## What is needed
Retype nothing except the lines below from the one with "Alcis Women Pink Self Design Sweatshirt" through the one with "Il pavimento allagato", exactly, with images left out.

## Extracted data
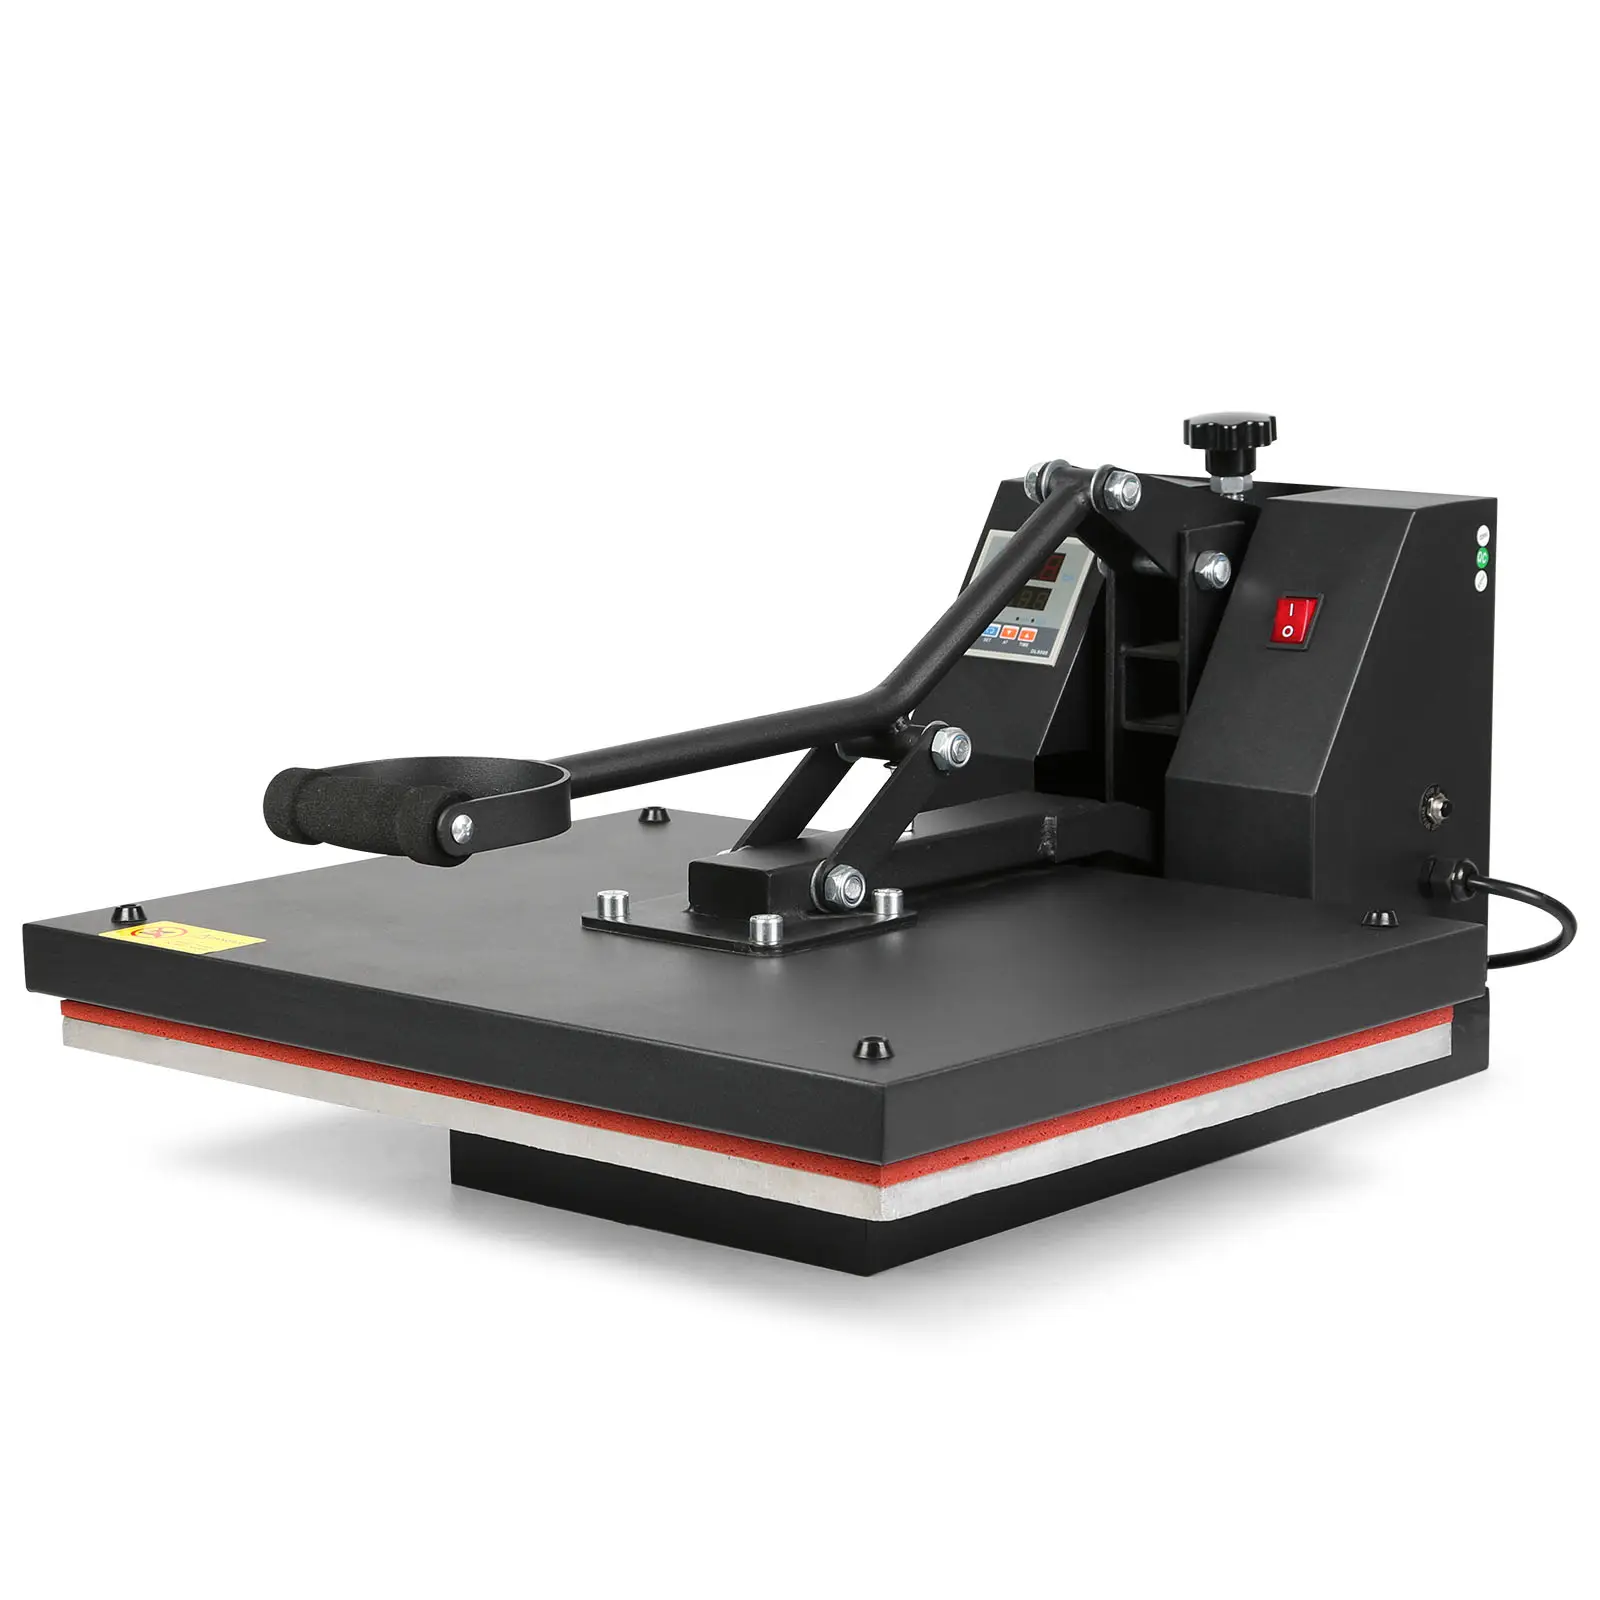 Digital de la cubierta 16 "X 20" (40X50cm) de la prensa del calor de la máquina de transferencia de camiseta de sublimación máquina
==
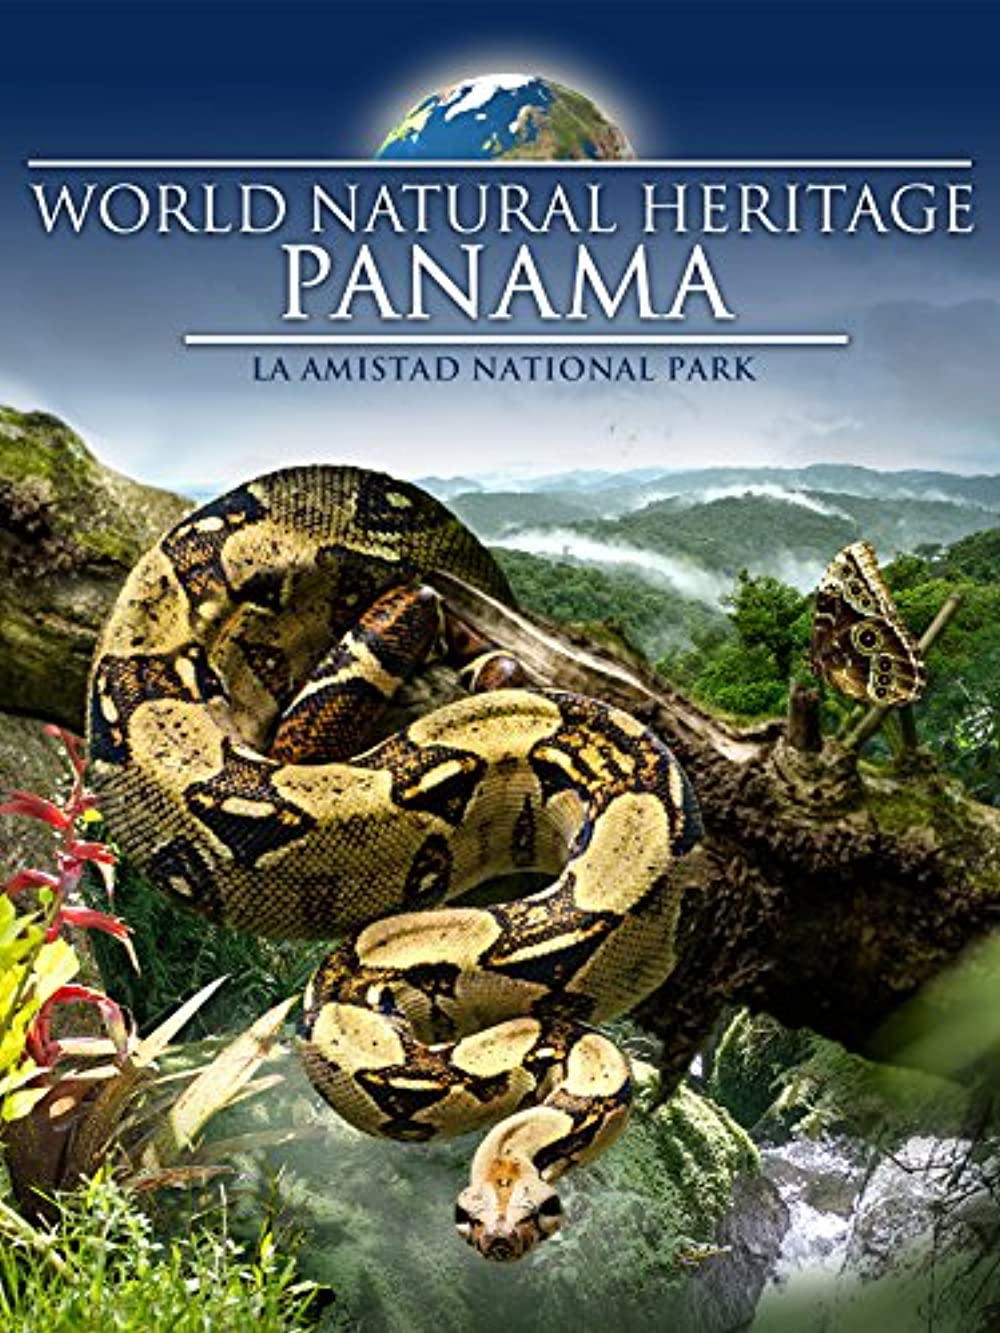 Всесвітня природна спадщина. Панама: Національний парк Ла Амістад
...
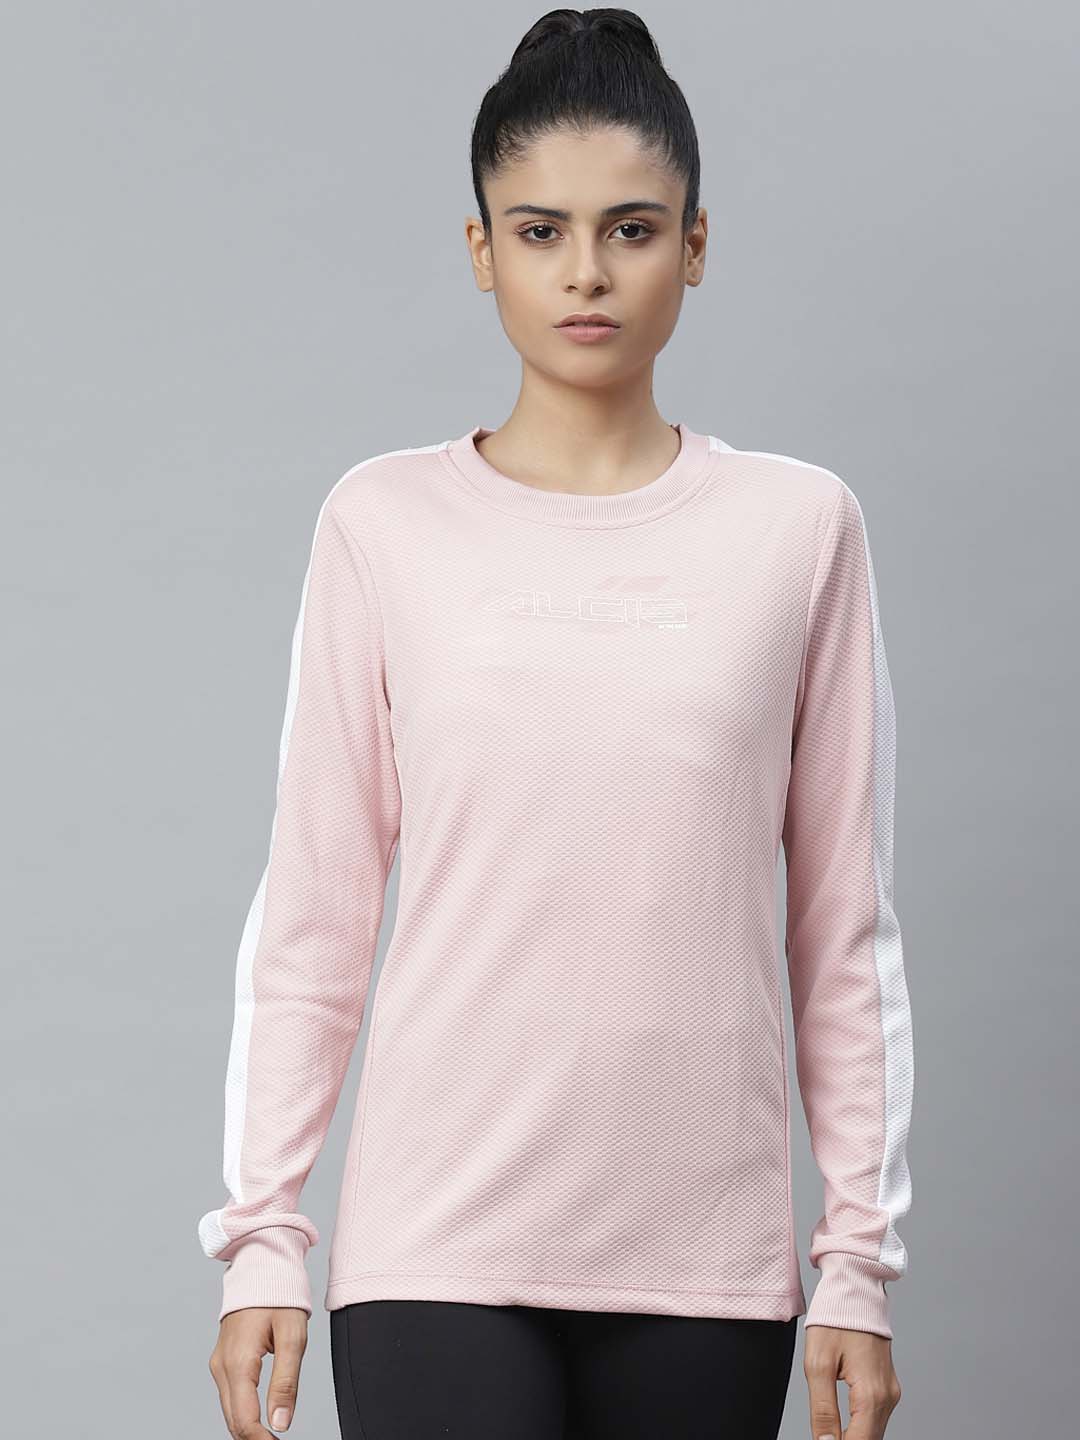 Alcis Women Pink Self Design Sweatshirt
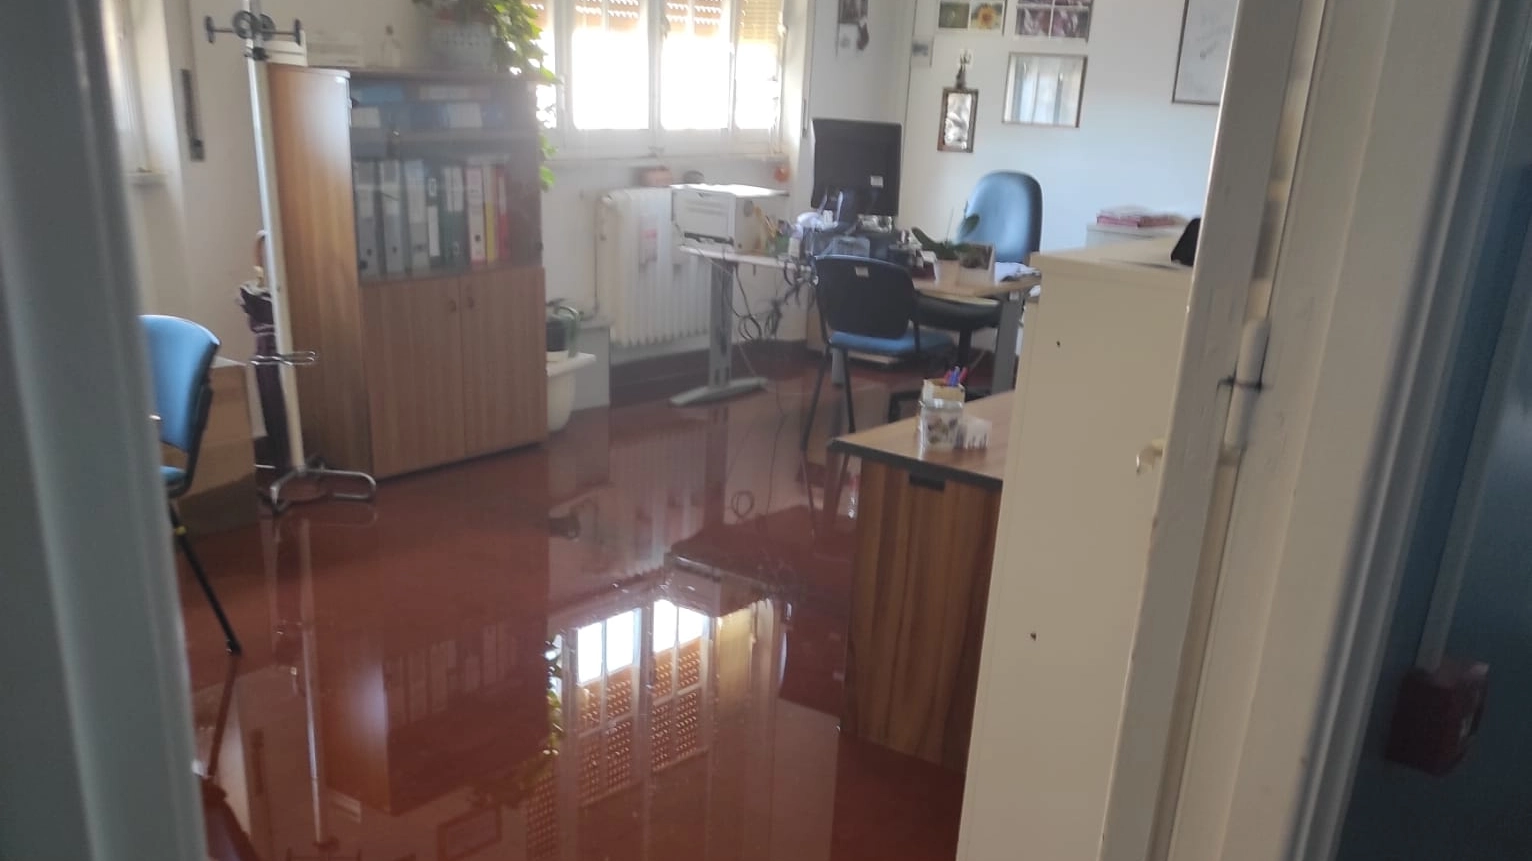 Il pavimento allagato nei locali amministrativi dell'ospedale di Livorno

## Problem solution
 Alcis Women Pink Self Design Sweatshirt
 Il pavimento allagato nei locali amministrativi dell'ospedale di Livorno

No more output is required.